Having difficulty working with pointers

Question

I having some issue when it comes to initializing pointers.

void findMM (int *PMM, int *theG)
{
        // code  I haven't written yet. It will essentially take two variables from   //theG and store it in MM  
}

int main() 
{ 
    int size;
    int MM [2] = {1000, 0}; 
    int *theG = NULL; 
    cout << "\nPlease insert size of array:" << endl; 
    cin >> size; 
    theG = new int [size];  
    findMM(&MM, &theG); //Get error with &MM  
    delete [] theG;     
    return 0; 
}

The complier says that argument of type int (*)[2] is incompatible with parameter of type int ** So obviously that I have issue with the code in particular my (reference?) of array MM. Or perhaps there is other obvious faults that I am missing?

Edit attempt 2

void findMM (int *PMM, int *theG)
{
        PMM [1] = 5; 
        theG [0] = 7; 
}

int main() 
{ 
    int size;
    int MM [2] = {1000, 0}; 
    int *theG = NULL; 
    cout << "\nPlease insert size of array:" << endl; 
    cin >> size; 
    theG = new int [size];  
    findMM(MM, theG);
    cout << MM [1] << endl << theG[0];    
    delete [] theG;     
    return 0; 
}

The output would be 5 and 7 correct?

Answer 1

I know this question has already been answered but I believe I can contribute to the asker's understanding.

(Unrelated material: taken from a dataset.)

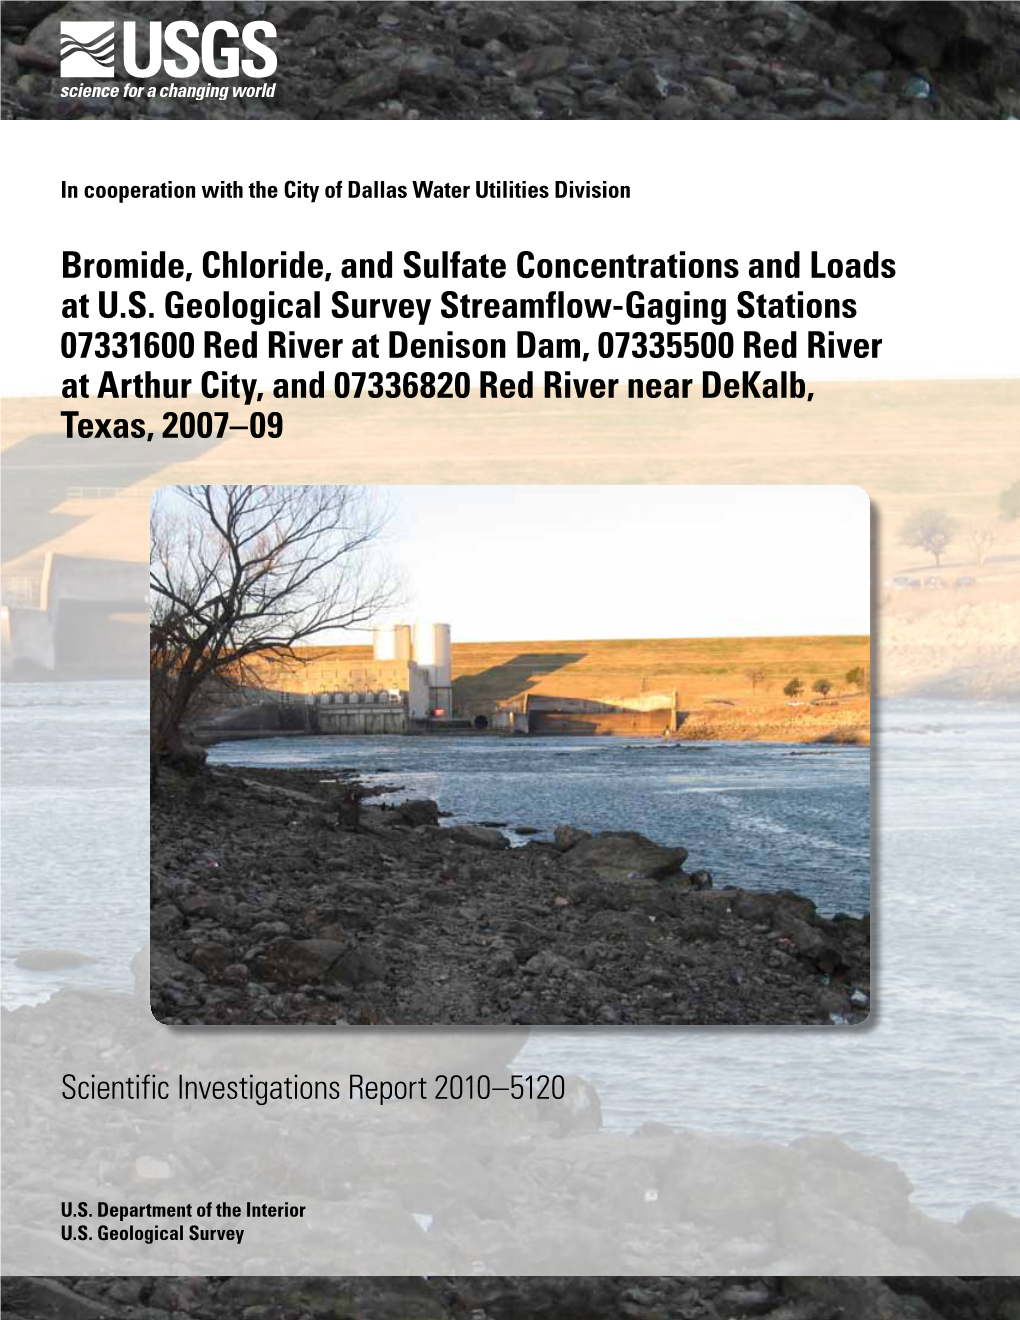 Bromide, Chloride, and Sulfate Concentrations and Loads at USGS Streamflow-Gaging Stations, Texas

Let's start with the basics:

void main()
{
    int a = 2; // a is an int
    cout << a << endl; // print 2

    int *b; // b is a pointer-to-int
    b = &a; // store the address of a in b
    cout << *b << endl;// print the value that b points to, which is 2

    int my_array = new int[3]; // allocate an array with 3 integers
    my_array[0] = 50; // store 50 in the first element of the array
    my_array[1] = 51; // store 51 in the second element of the array
    my_array[2] = 52; // store 52 in the third element of the array
    cout << c[0] << endl; // print 50

    some_function(my_array, 3); // explained below
}

Now let's see how to pass arrays into functions. Assume we want to have a function called some_function that receives an array.

void some_function(int *some_array, int size_of_the_array)
{
    // use the array however you like here
}

The function some_function receives a pointer to an int (also known as "pointer-to-int"). The name of an array is always the address of its first element, so if a function expects a pointer to an int and you give it the name of an array of ints, you are actually giving it the address of the first element in the array (this is just C++ syntax rules). So the function now has the address of the first element in the array, it can do stuff like *some_array to access the first element in the array, but what if it wants to access the other elements? It adds 1 to the pointer it already has and then applies the * operator to it: *(some_array + 1). Let's say an int is 4 bytes, if you add 1 to a pointer-to-int, the result of this addition is a new pointer that points to a location in memory 4 bytes ahead, so *(some_array + 93) is the value in the 94th element of the array some_array (array elements are stored sequentially in memory). A shorthand notation for this is some_array[93]. So if you have int *some_array = new int[100];, then some_array is a pointer and some_array[93] is the same as *(some_array + 93), which is the 94th element in the array.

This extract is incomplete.